Policy and verification hooks enforce runtime guardrails and acceptance criteria. They keep ACM runs compliant with regulatory expectations and internal controls.

Policy engine integration

  • Declaration: Tasks declare required policy bundles in their Task Specs. Each bundle references a digest tracked in source control.
  • Invocation: During execution, the runtime evaluates policies before (pre) and after (post) the task body. The policy adapter MUST return a structured result with verdict, explanations, and latencyMs.
  • Escalations: Denied decisions SHOULD provide escalation metadata so orchestration can route to human approval or compensating tasks.
  • Observability: Stream POLICY_DECISION ledger entries to SIEM tools and configure alerting on repeated deny events.

Verification grammar

Verification hooks validate task outputs against declarative assertions.

  • Define verification rules in domain packages (for example, @ddse/acm-verify-refunds).
  • Rules run synchronously after task completion; failure triggers VERIFICATION_RESULT with status: failed and optional remediation hints.
  • Verification logic MUST be deterministic and side-effect free.
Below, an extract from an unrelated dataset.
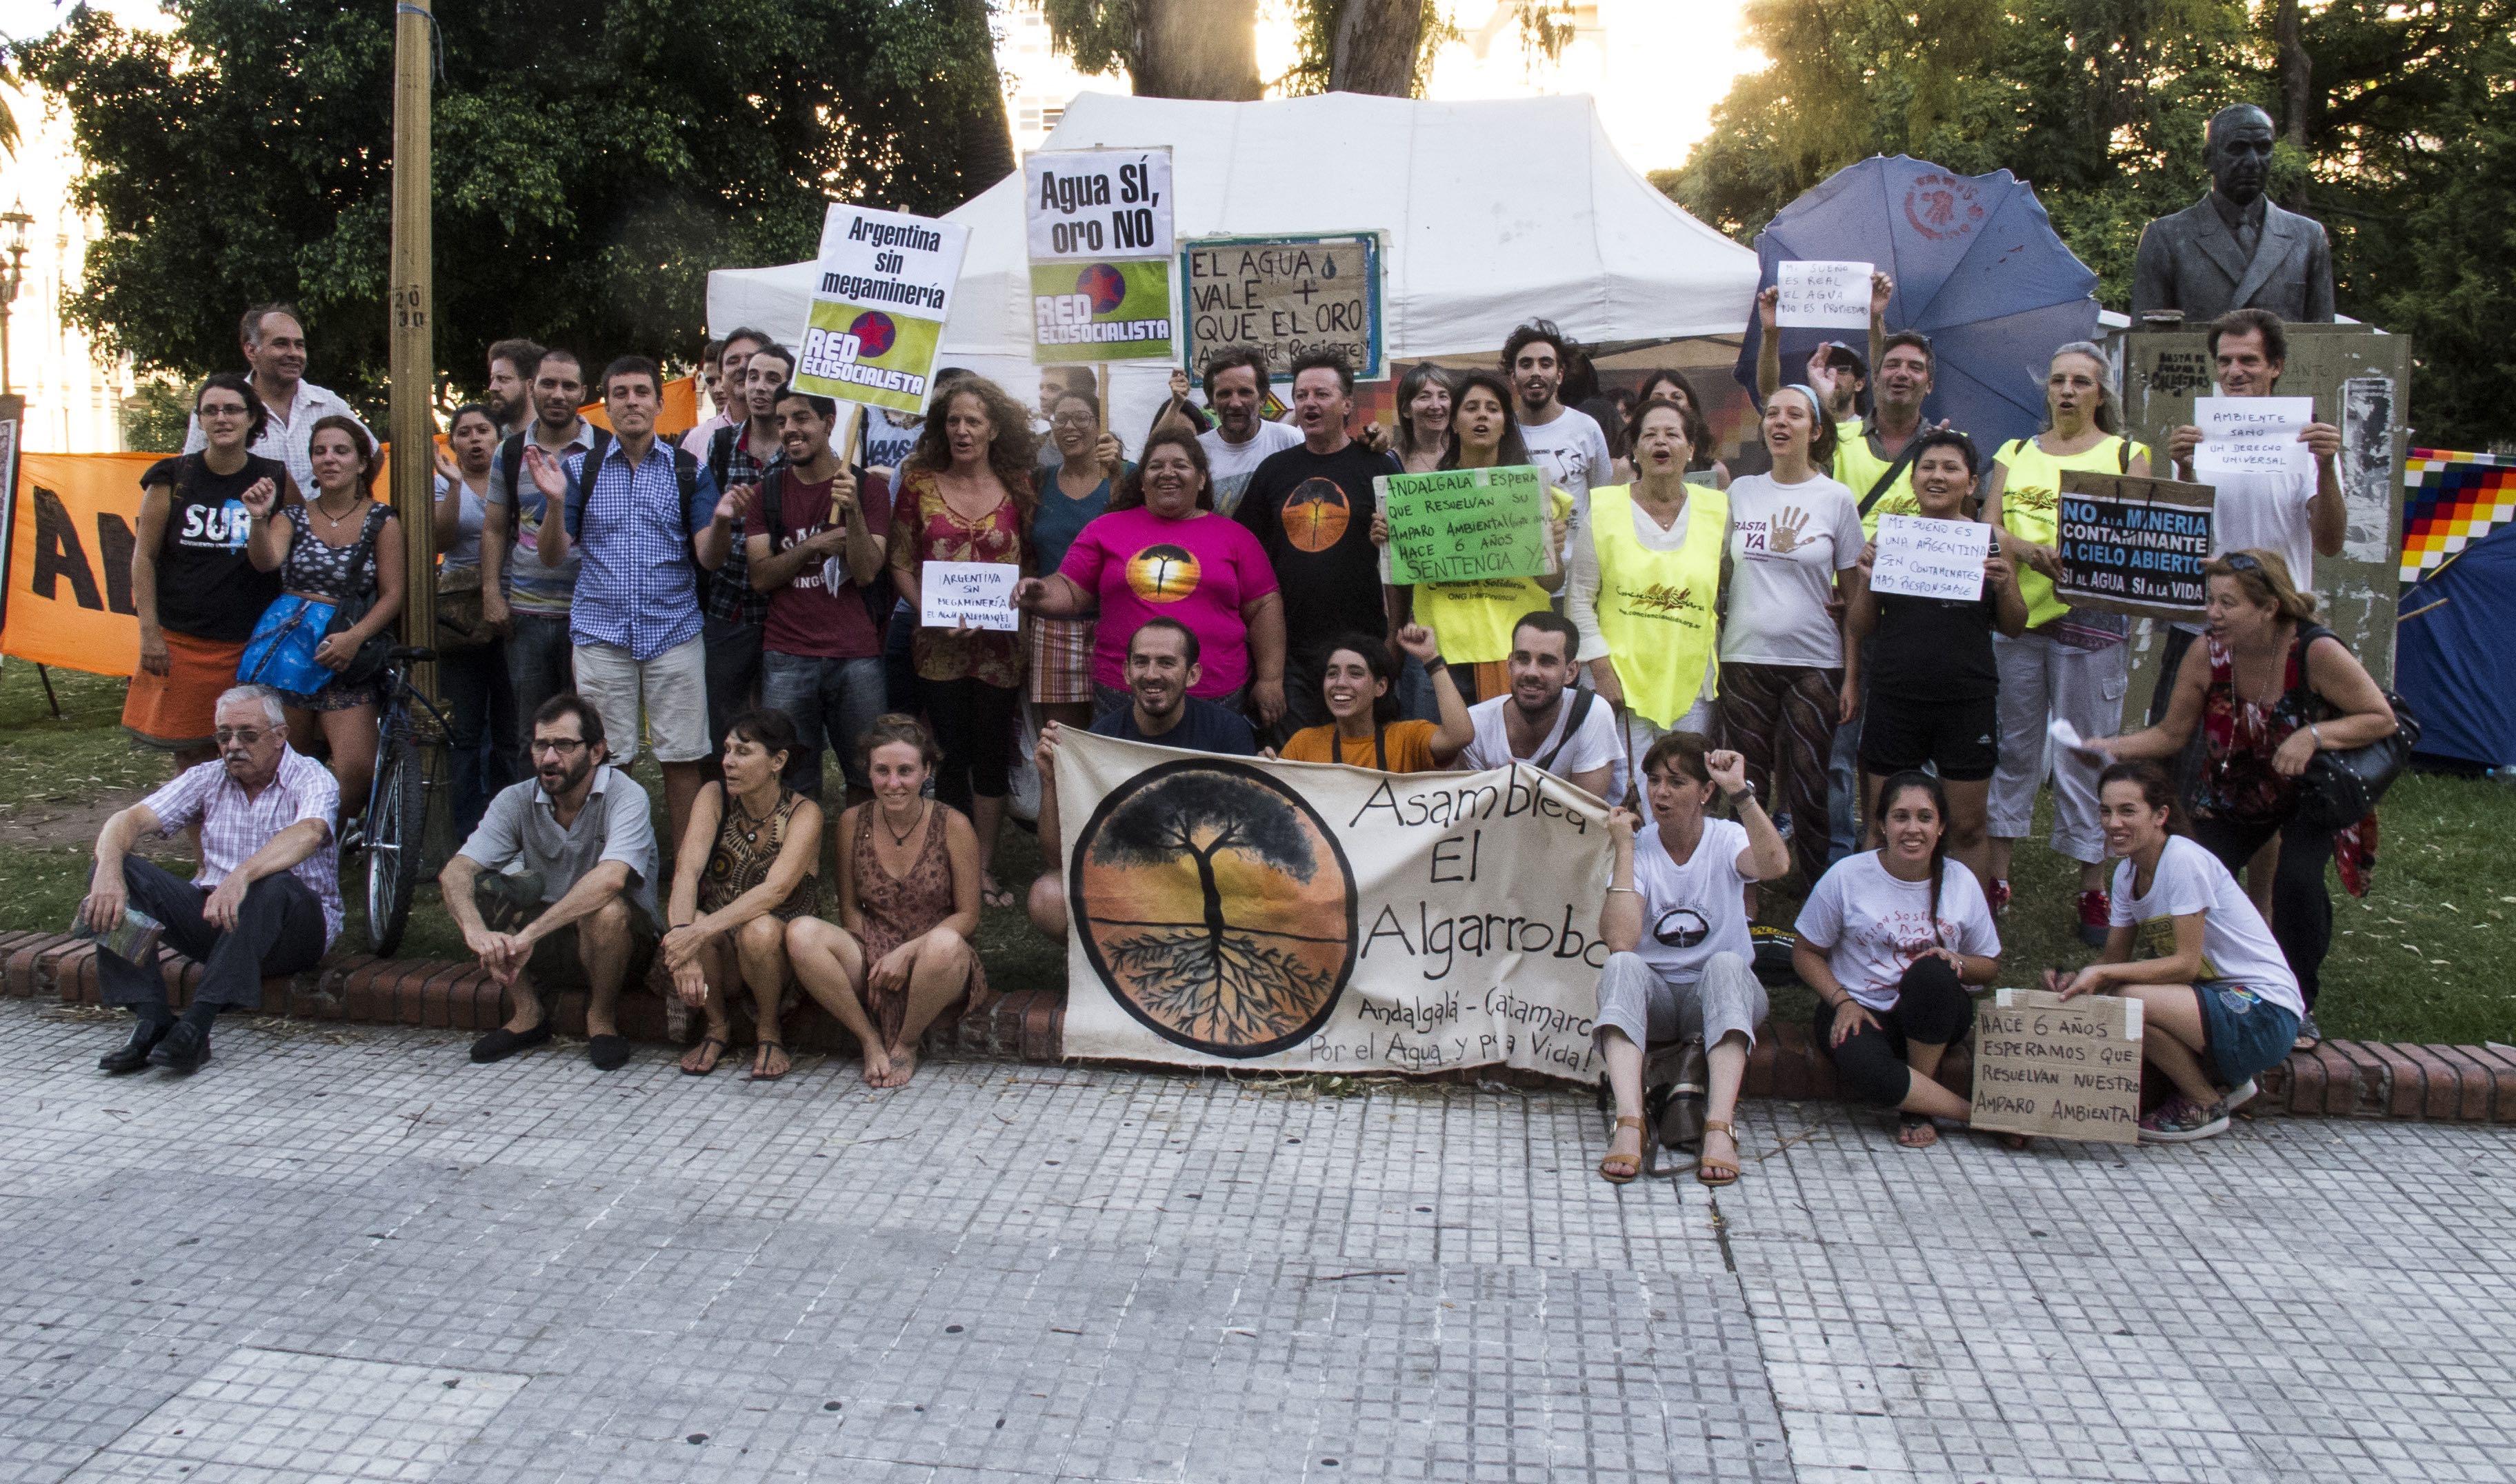 Caminata del Segundo Acampe por la Vida en apoyo a la Asamblea El Algarrobo de Andalgalá, Catamarca. Aguardan la resolución del amparo presentado ante la Corte Suprema hace 6 años. CABA. 10/02/16.-

Approvals and dual control

  • High-risk capabilities SHOULD require dual approvals captured via policy hooks (approval_required: true).
  • Approval artifacts (tickets, signatures) MUST be attached to replay bundles under runtime/policy/.
  • Provide operator dashboards for pending approvals with SLA timers.

Lifecycle management

  • Version policies and verification rules alongside code (policyBundles/v0.5/*).
  • Introduce backwards-compatible changes via additive rules; breaking changes require new bundle IDs.
  • Maintain automated tests that execute policies against synthetic ledger fixtures.